Exercise brief =>
Starting at the line below that contains "Schwarzes T-Shirt für Jungen" and ending at the line that contains "Pick up transport", retype each line exactly as it stands, but omit the pictures.

Information shown =>
* * *
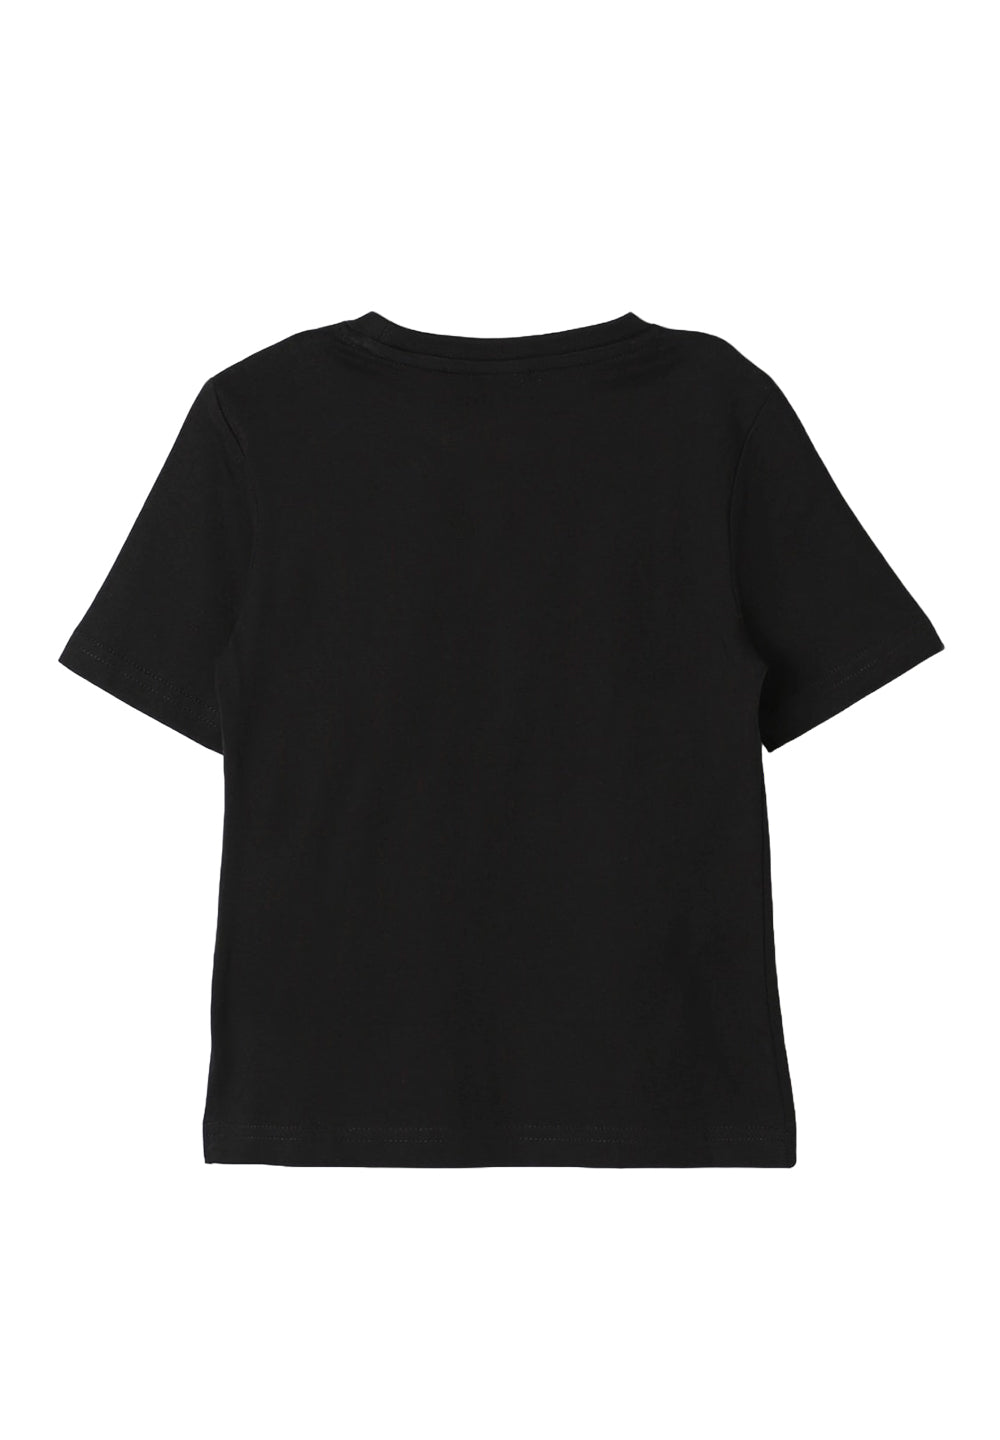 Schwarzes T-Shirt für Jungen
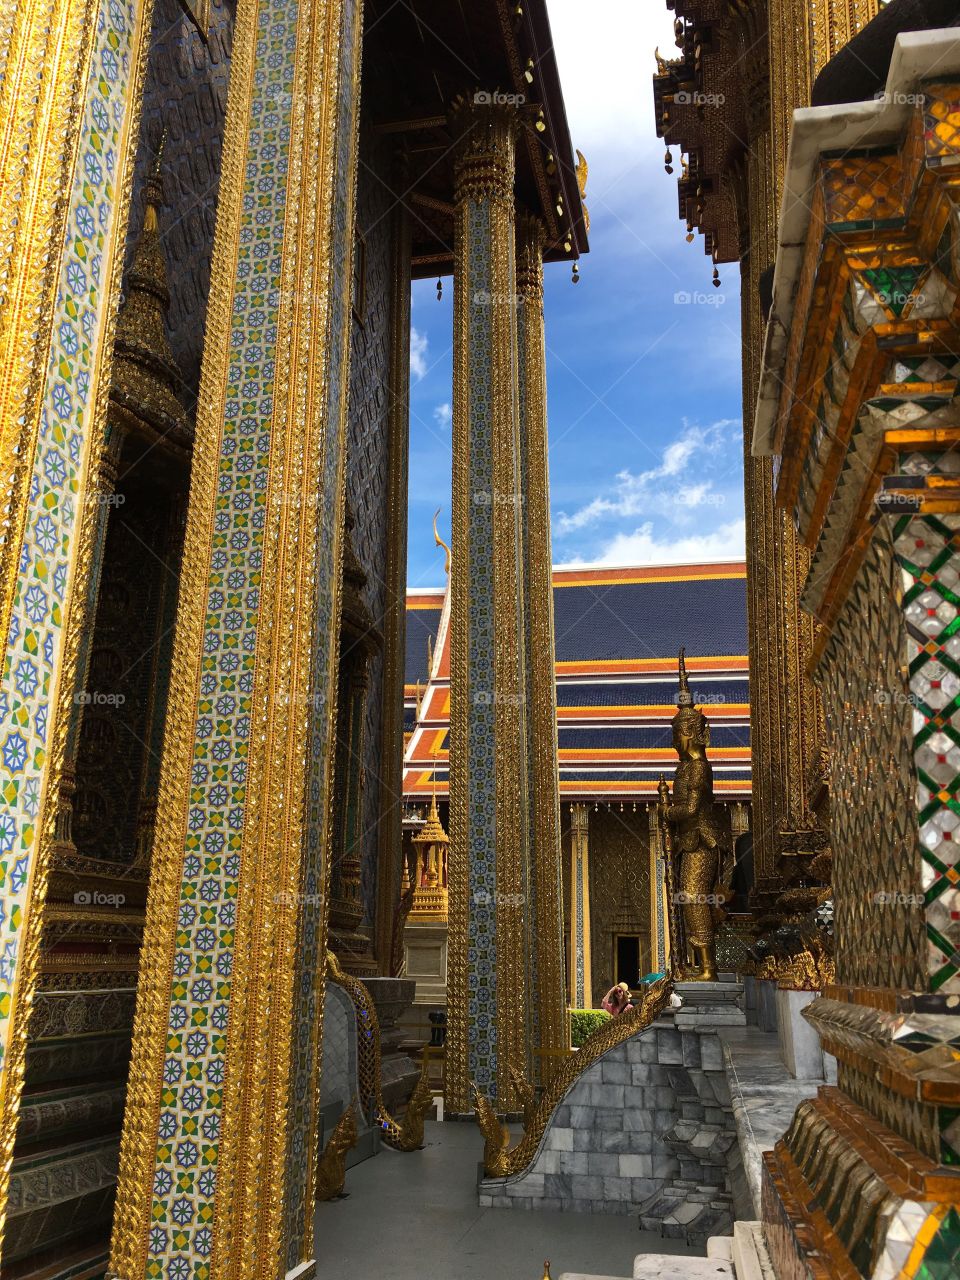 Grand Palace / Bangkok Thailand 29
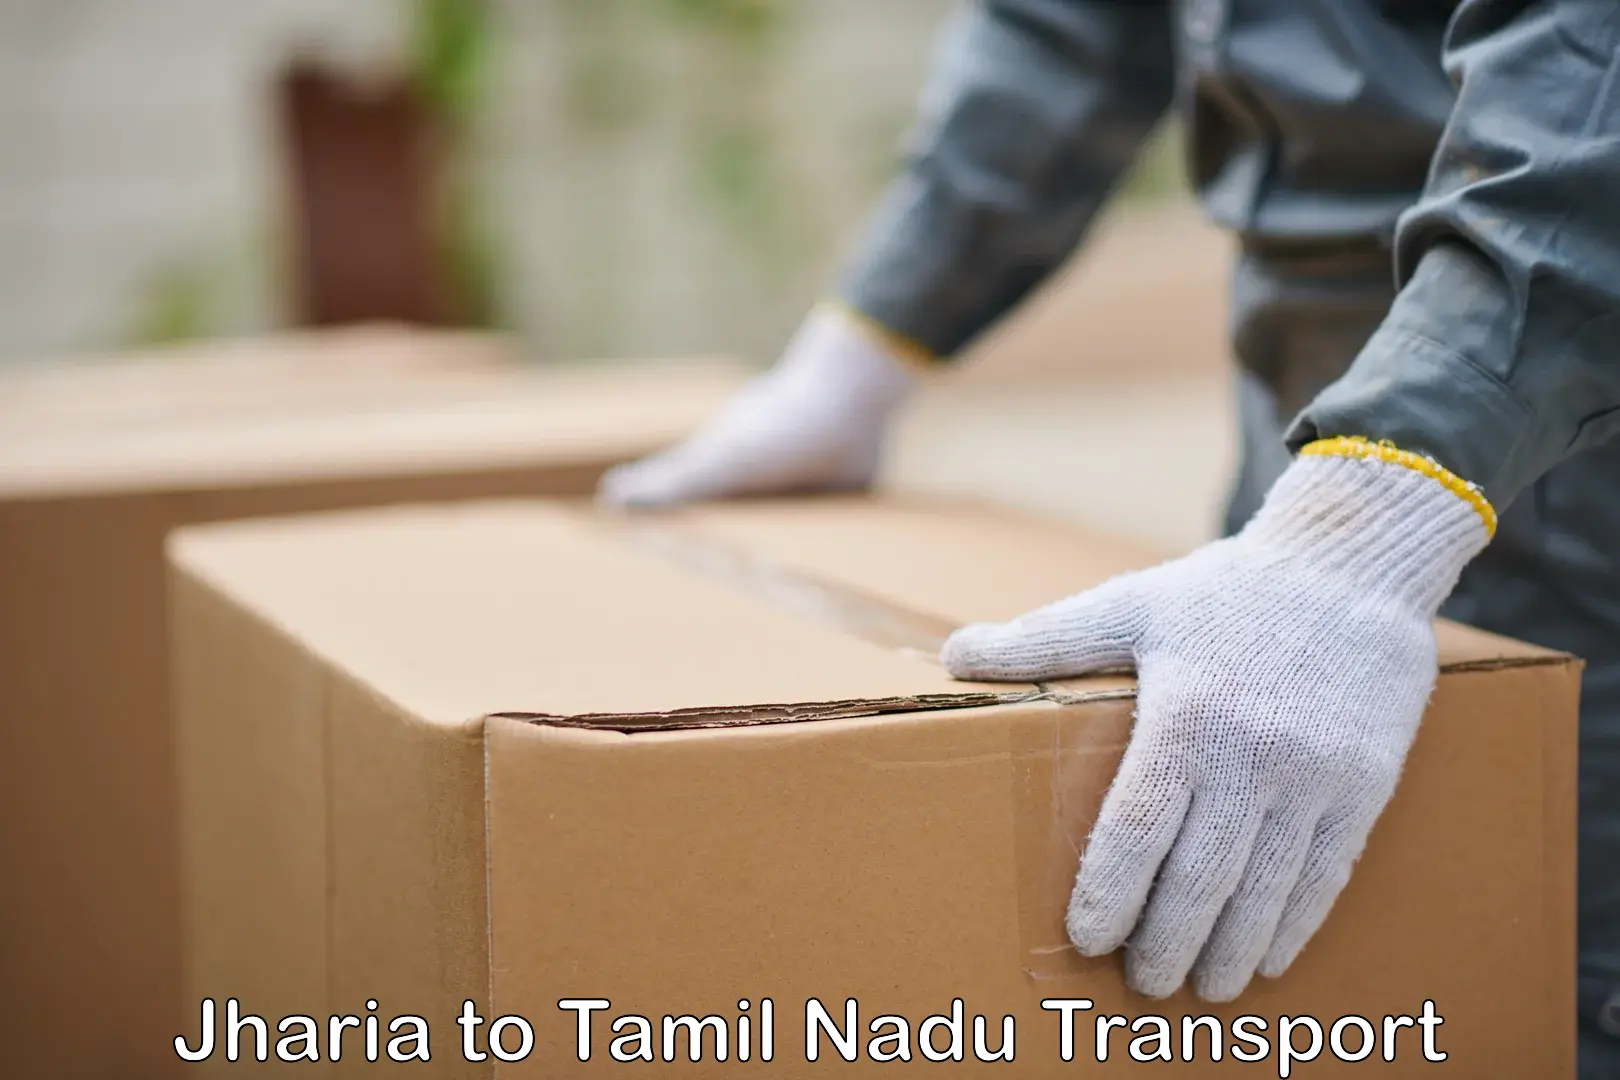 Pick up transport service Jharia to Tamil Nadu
* * *
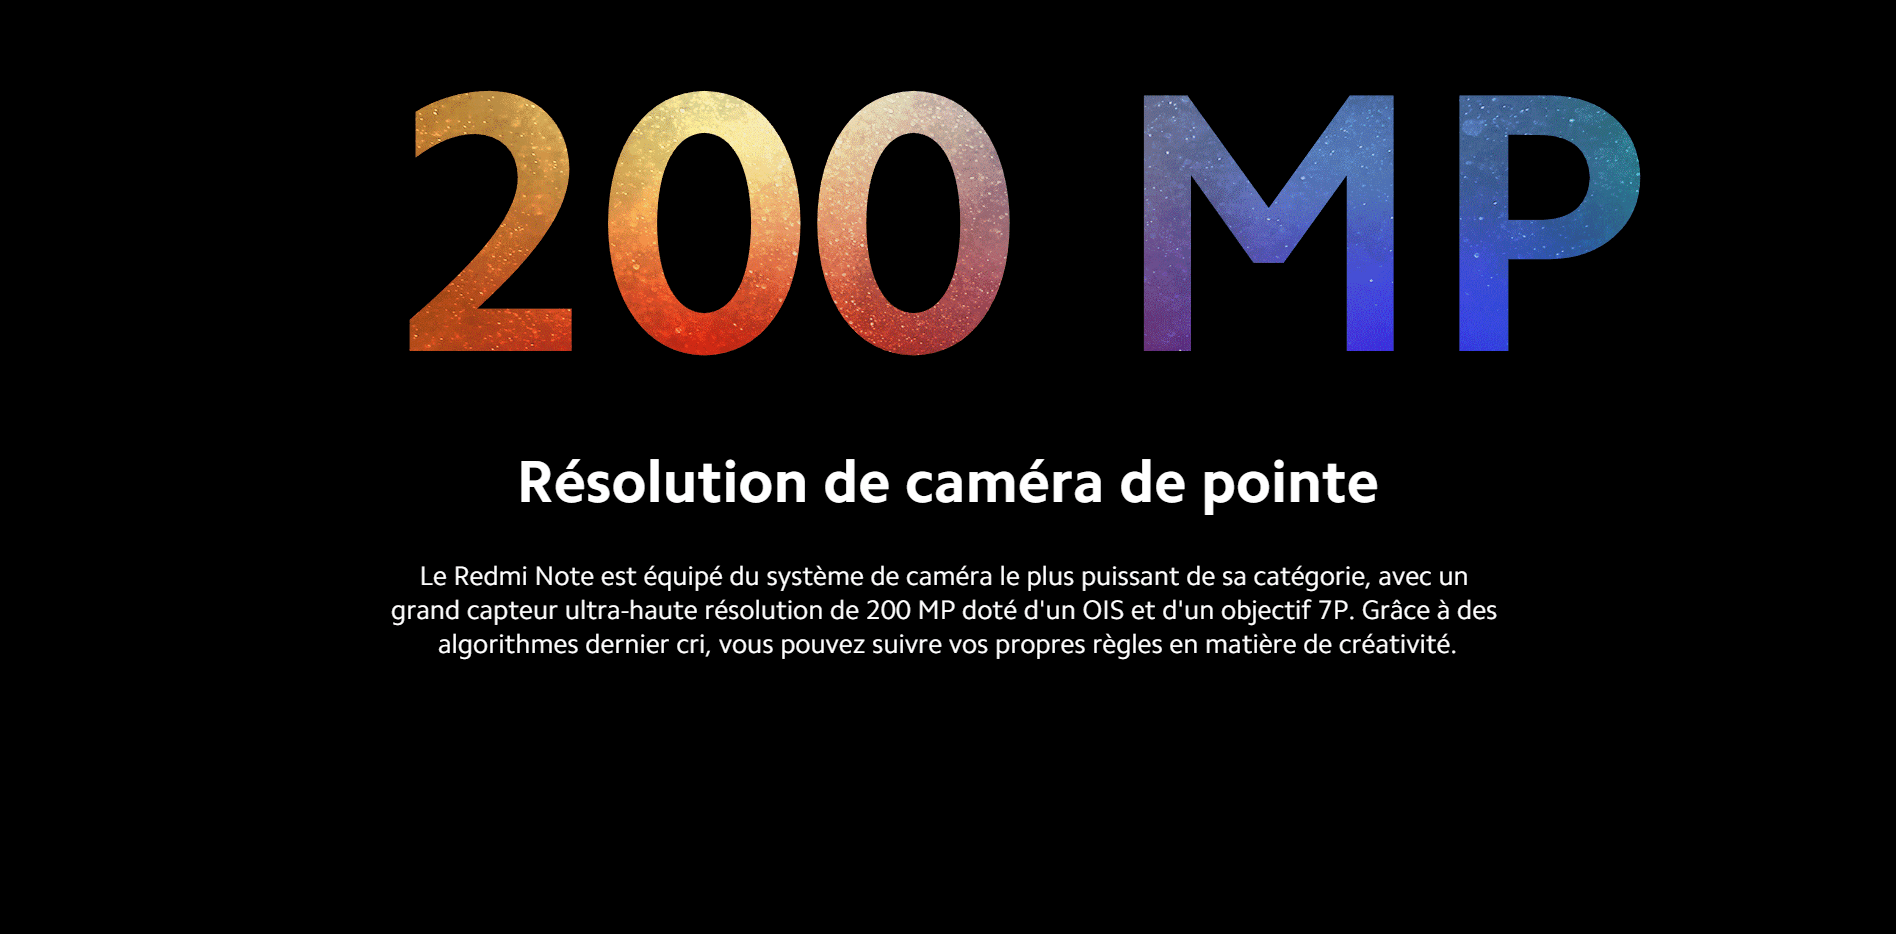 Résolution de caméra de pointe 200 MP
* * *
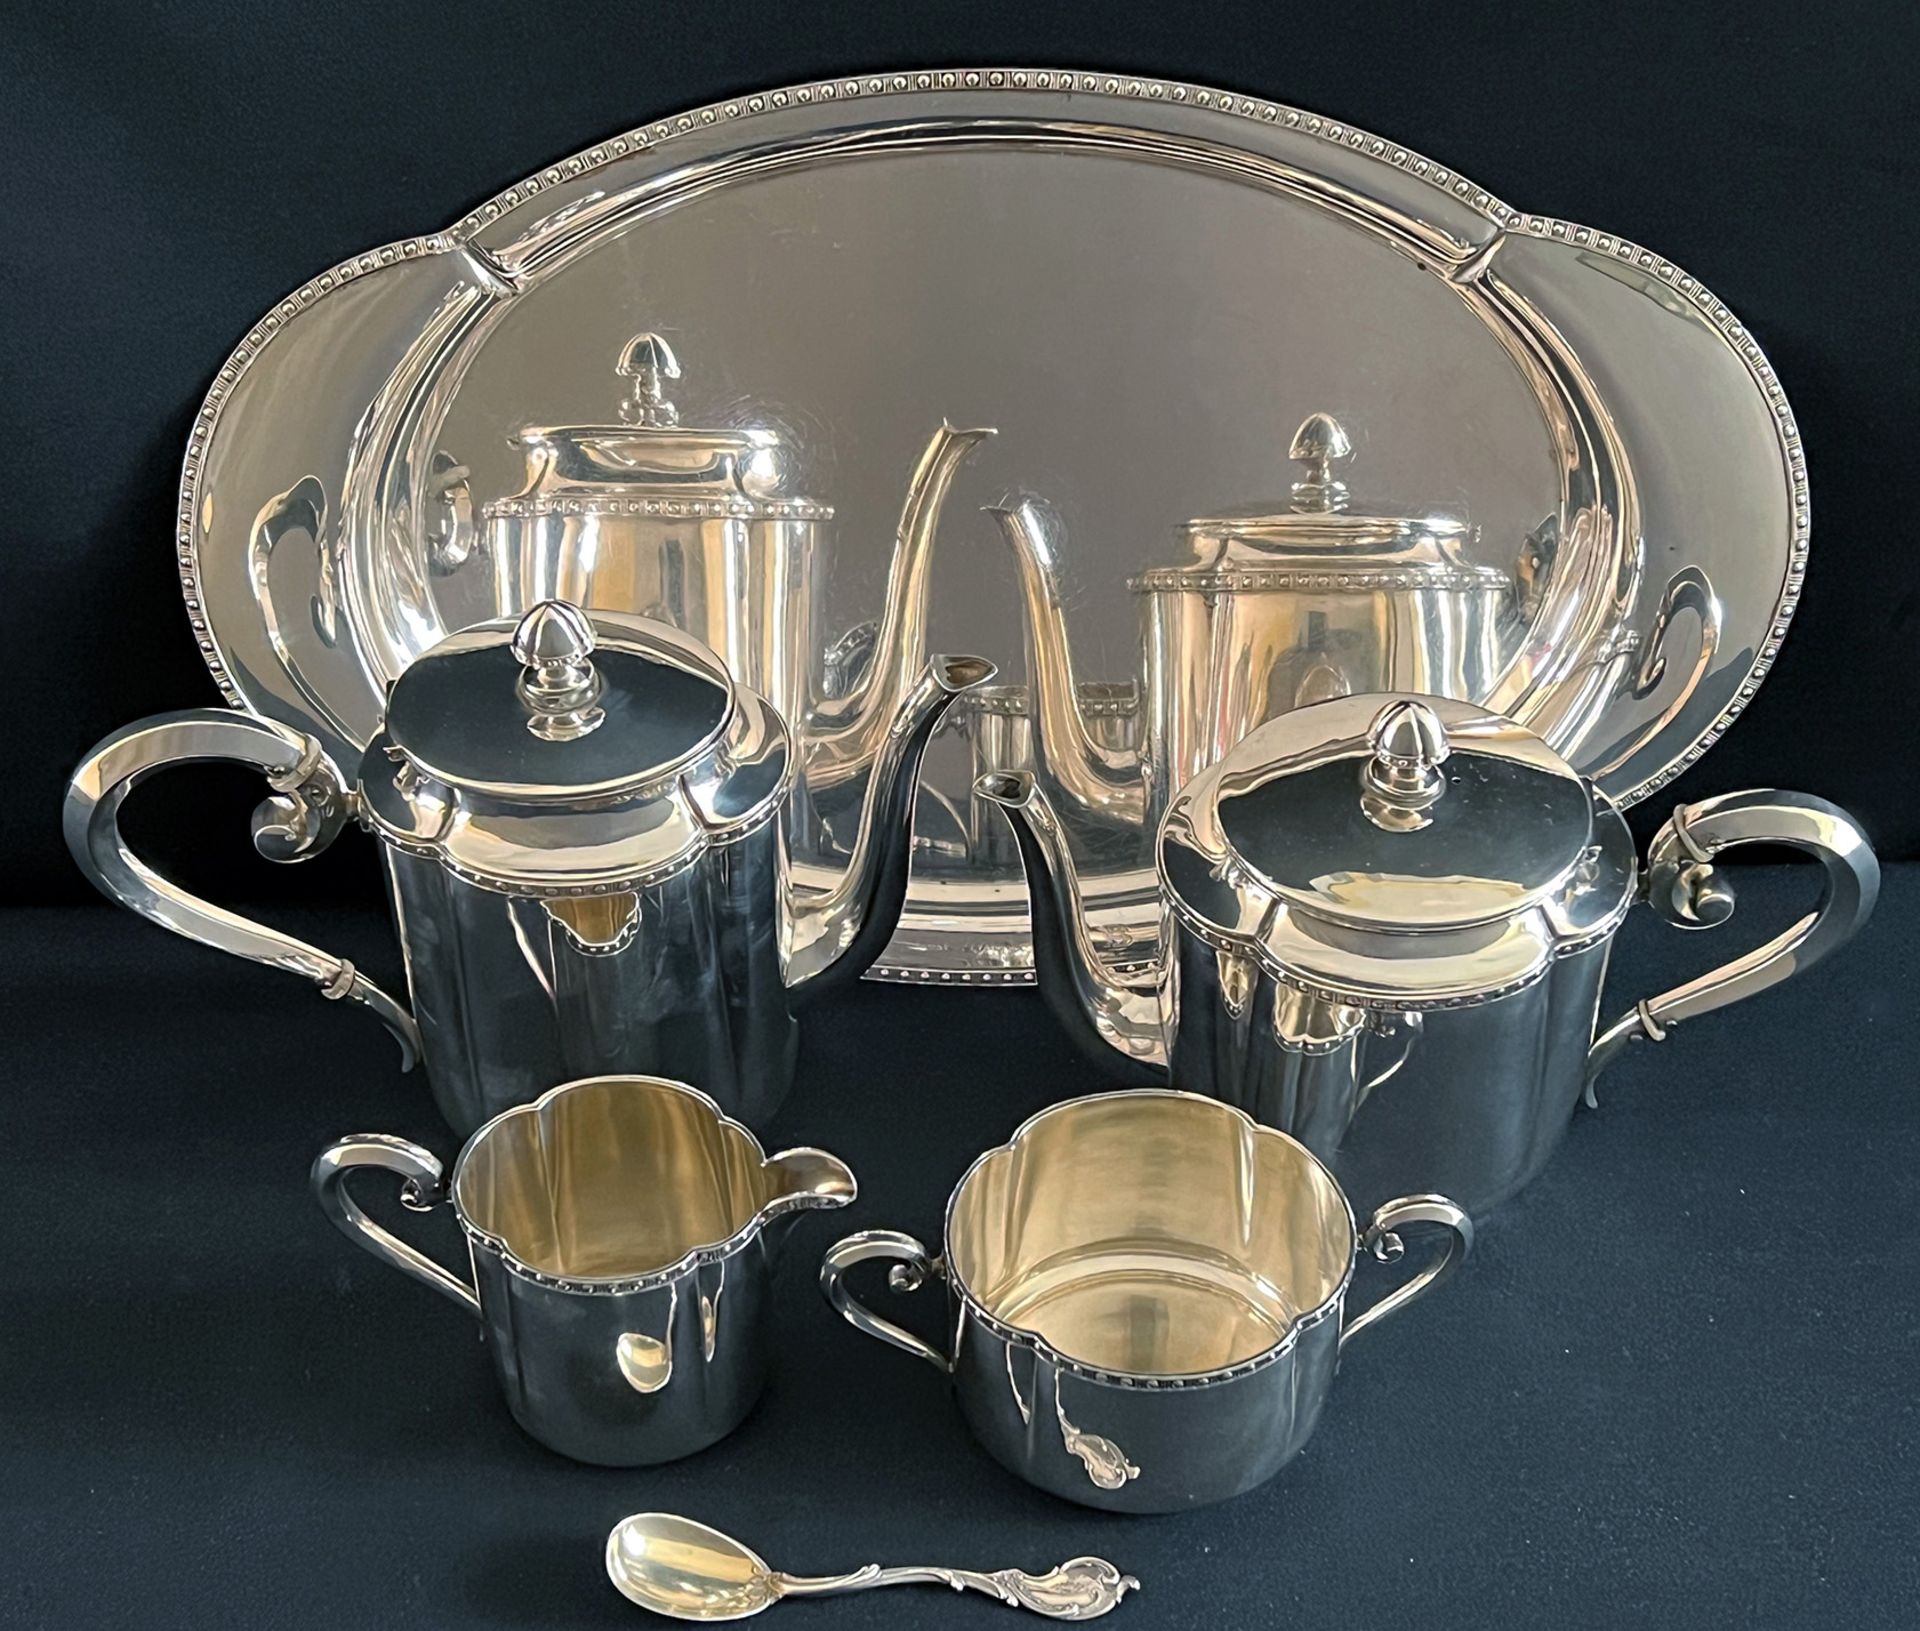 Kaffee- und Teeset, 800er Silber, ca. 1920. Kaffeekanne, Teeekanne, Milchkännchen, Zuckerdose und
* * *
Answer for the task =>
 Schwarzes T-Shirt für Jungen
 Grand Palace / Bangkok Thailand 29
 Pick up transport service Jharia to Tamil Nadu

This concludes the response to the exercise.